Research Sheds Light on M.O. of Unusual RNA Molecules

The Xist lncRNA (red) recruits proteins responsible for modifying chromatin arch
The Xist lncRNA (red) recruits proteins responsible for modifying chromatin architecture (green) across the X-chromosome. Xist and its associated proteins coat the entire X-chromosome, forming a distinctive compartment in the nucleus (blue).
The genes that code for proteins-more than 20,000 in total-make up only about 1 percent of the complete human genome.
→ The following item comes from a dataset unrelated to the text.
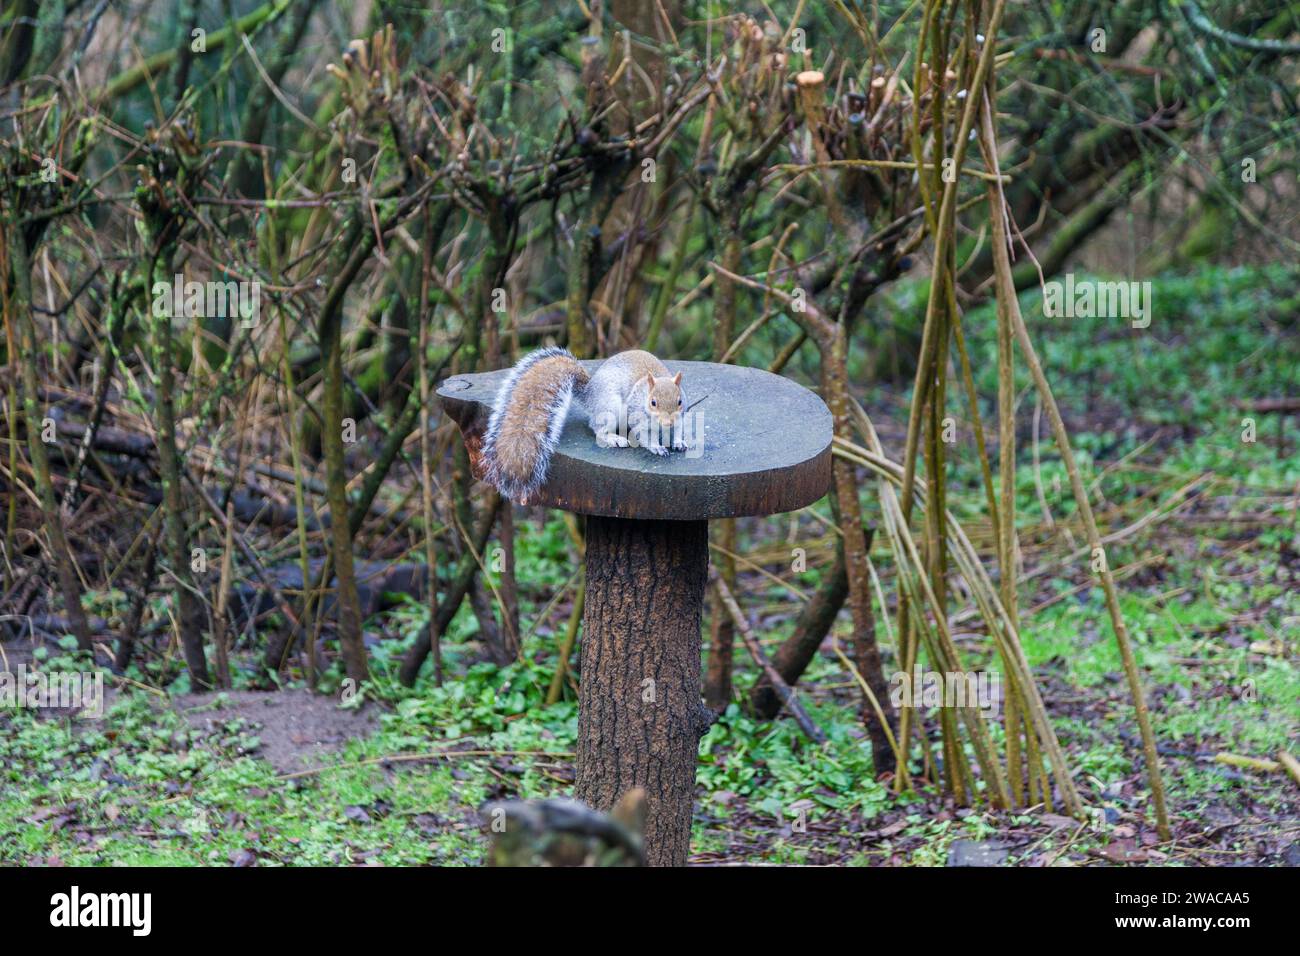 Uno scoiattolo grigio (Sciurus carolinensis) che si alimenta da una tavola di uccelli in zona boschiva, Stockton, Inghilterra, Regno Unito Foto Stock

That entire thing-not just the genes, but also genetic junk and all the rest, is coiled and folded up in any number of ways within the nucleus of each of our cells. Think, then, of the challenge that a protein or other molecule, like RNA, faces when searching through that material to locate a target gene. Now a team of researchers led by newly arrived biologist Mitchell Guttman of the California Institute of Technology (Caltech) and Kathrin Plath of UCLA, has figured out how some RNA molecules take advantage of their position within the three-dimensional mishmash of genomic material to home in on targets. The research appears in the current issue of Science Express. The findings suggests a unique role for a class of RNAs, called lncRNAs, which Guttman and his colleagues at the Broad Institute of MIT and Harvard first characterized in 2009. Until then, these lncRNAs-short for long, noncoding RNAs and pronounced "link RNAs"-had been largely overlooked because they lie in between the genes that code for proteins.